Charlie Titus, director of athletics, wrote in a letter to student-athletes, “I believe a strong presence [at the meeting] by student-athletes and members of our staff will make a positive impact on the efforts of the UMB administration toward the development of student housing opportunities.”

Asking them to join him at the meeting and promising transportation from the Athletic Department to and from the meeting hall, Titus wrote, “We have the opportunity to provide strong support for our administration and play a critical role in the future of this institution and UMB Athletics.”

A cancellation notice was mailed out May 9, this time from the Athletics Department, thanking people for their consideration to attend.

The nixing of the dorms has had mixed reactions on campus.

“As an international student, I think it was a good idea,” says Omar Bukhari, the student trustee-elect. “[Dorms] would attract students from across the globe.” Out of state and international students comprise 12% of the student population.

Dorms would also satisfy the needs of those who want to have the full college experience.

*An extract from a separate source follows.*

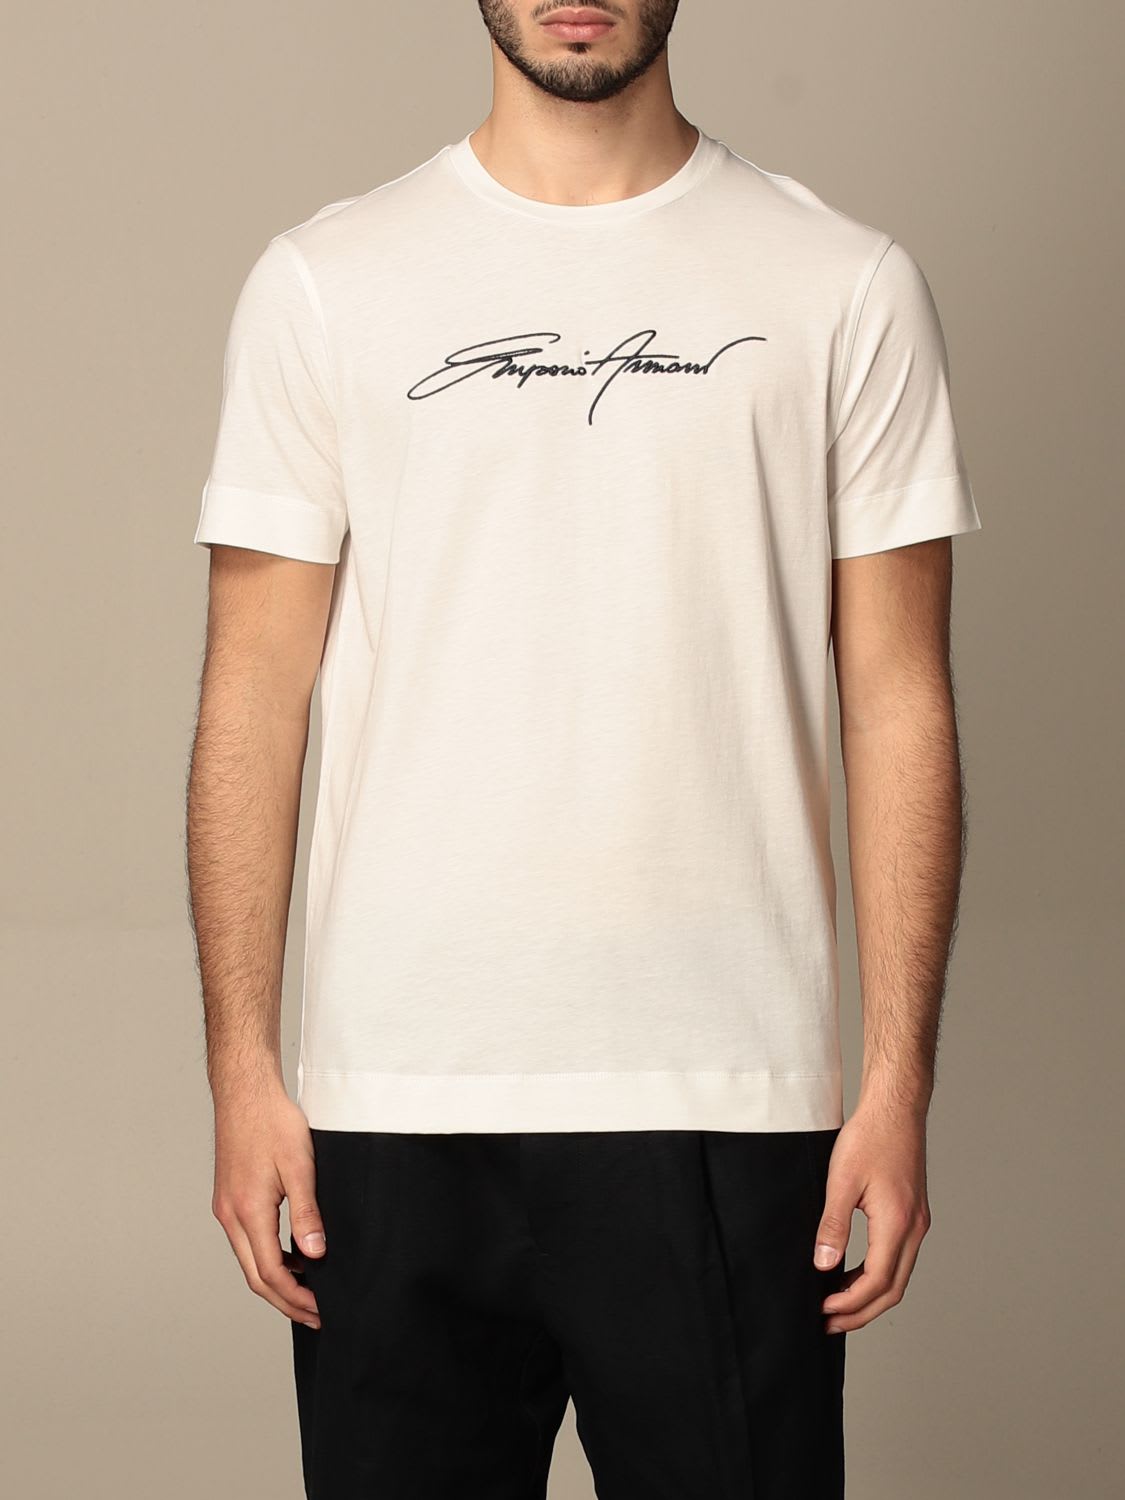 Emporio Armani T-shirt Emporio Armani T-shirt In Cotton With Signature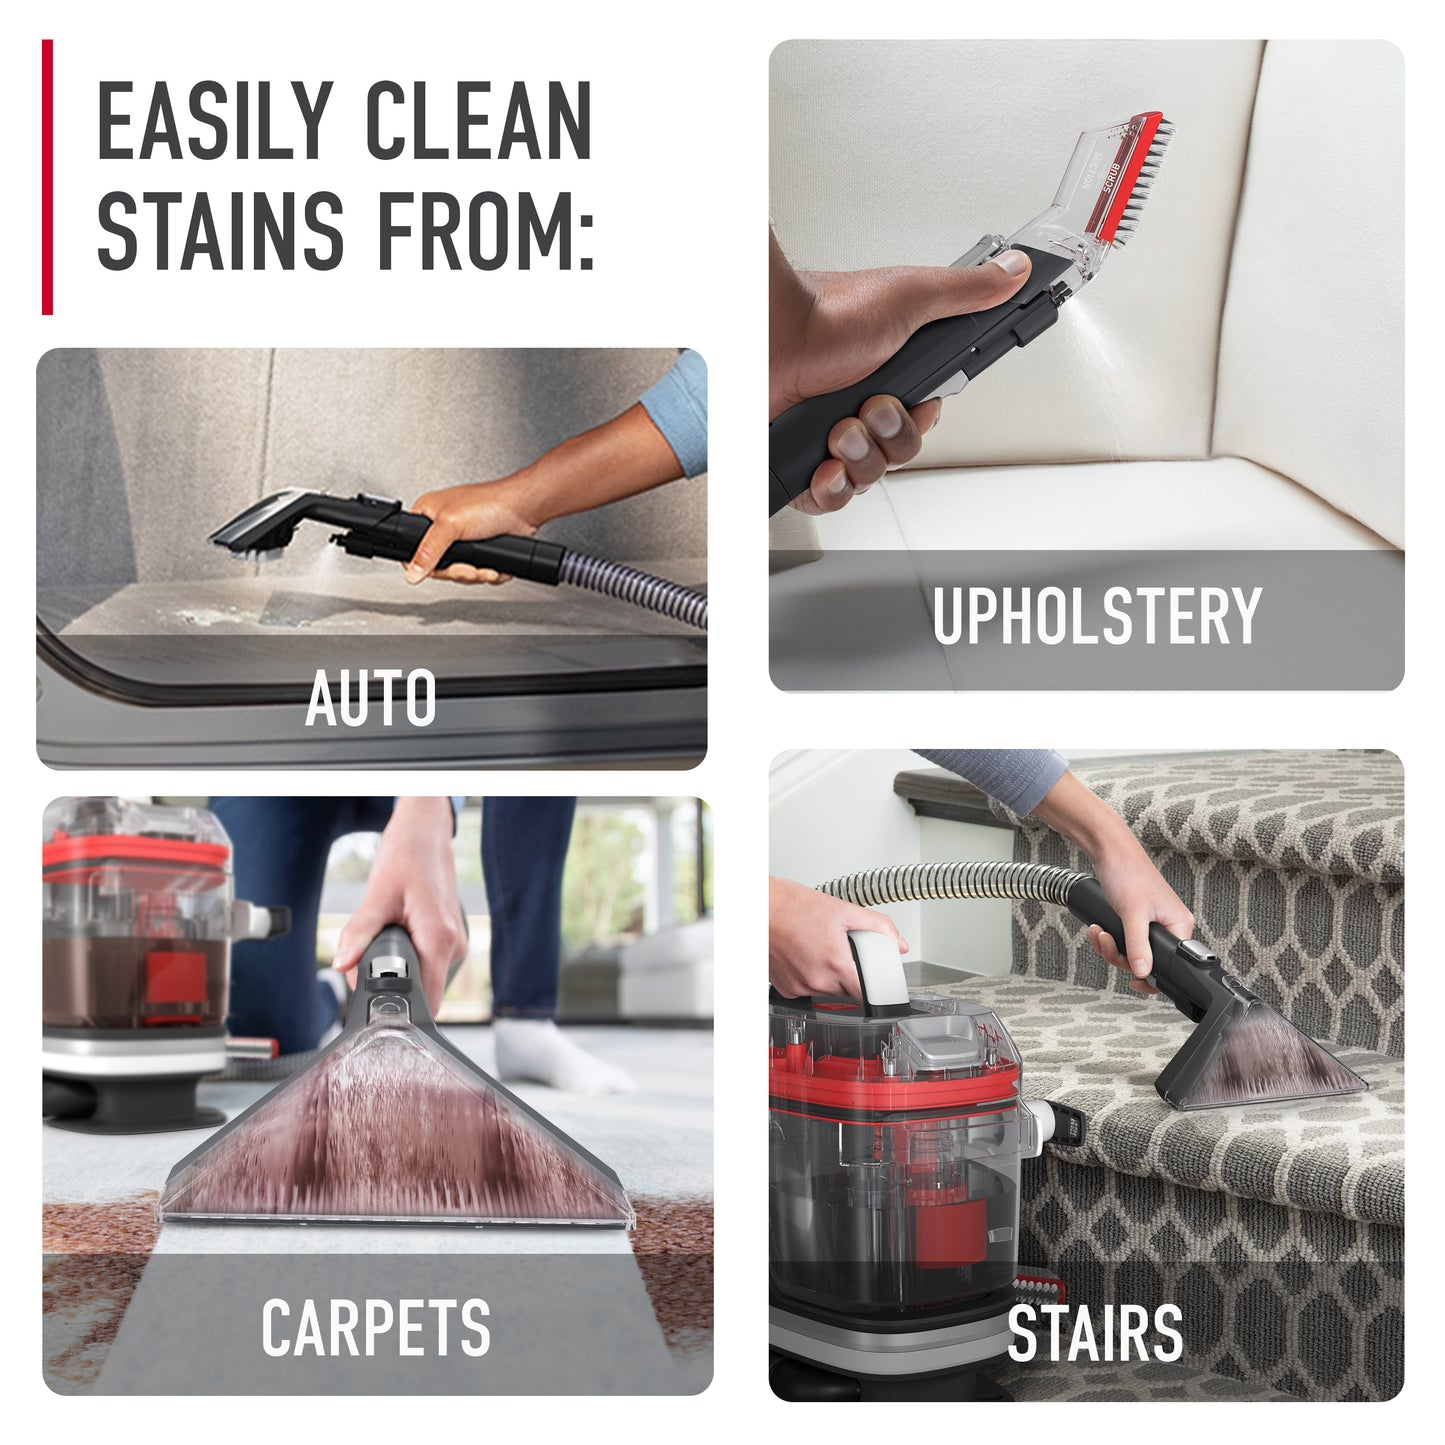 Cleanslate pet portable spot cleaner is shown being used to clean a car interior, white upholstery, light grey carpets, and on grey carpeted stairs.

According to an internal Fall 2001 survey, 34% of Fall 2000 freshman who left, left for a college with residential housing. Now with dorms indefinitely “off the table,” Chancellor Gora says the university will be thinking of other ways satisfy those students’ needs.

Colleen O’Malley, of the Queer Student Union, and student senator-elect, is against the dorms, and feels the focus should be on maintenance and the urban mission.

According to The Boston Globe, Secretary of Finance Kriss, along with calling the bond sale dangerous to the economy, has said the bond sale does not jibe with Romney’s “fix it first” policies, suggesting that maintenance should come first, rather than construction projects like dorms.

Donna Neal, associate director of student life and Dorchester resident, said, “Obviously it’s not a time to build dorms, especially when the specter of tuition, fee increases and layoffs and course offering cuts looms. [We] have to try to maintain current services as we can.”

While declining to say whether she’s in support of dorms or not, exiting student trustee Heather Dawood said she supported Bulger’s decision to withdraw funding for dorms at this time, and revisit dorms at another time.

The bond’s cancellation was seen by many as another escalation in the bitter battle between the governor and Bulger, a former Senate president. When Romney unveiled his plan to reorganize higher education several months later, Bulger’s $5.6 million dollar office was targeted for elimination. Romney stated that nearly $14 million would be saved, which would go to scholarships for students.

According to Bulger spokesperson John Hoey, the elimination of the central UMass administration would cost more, not less, since all of its affairs would have to be diverted to each of the five individual UMass campuses.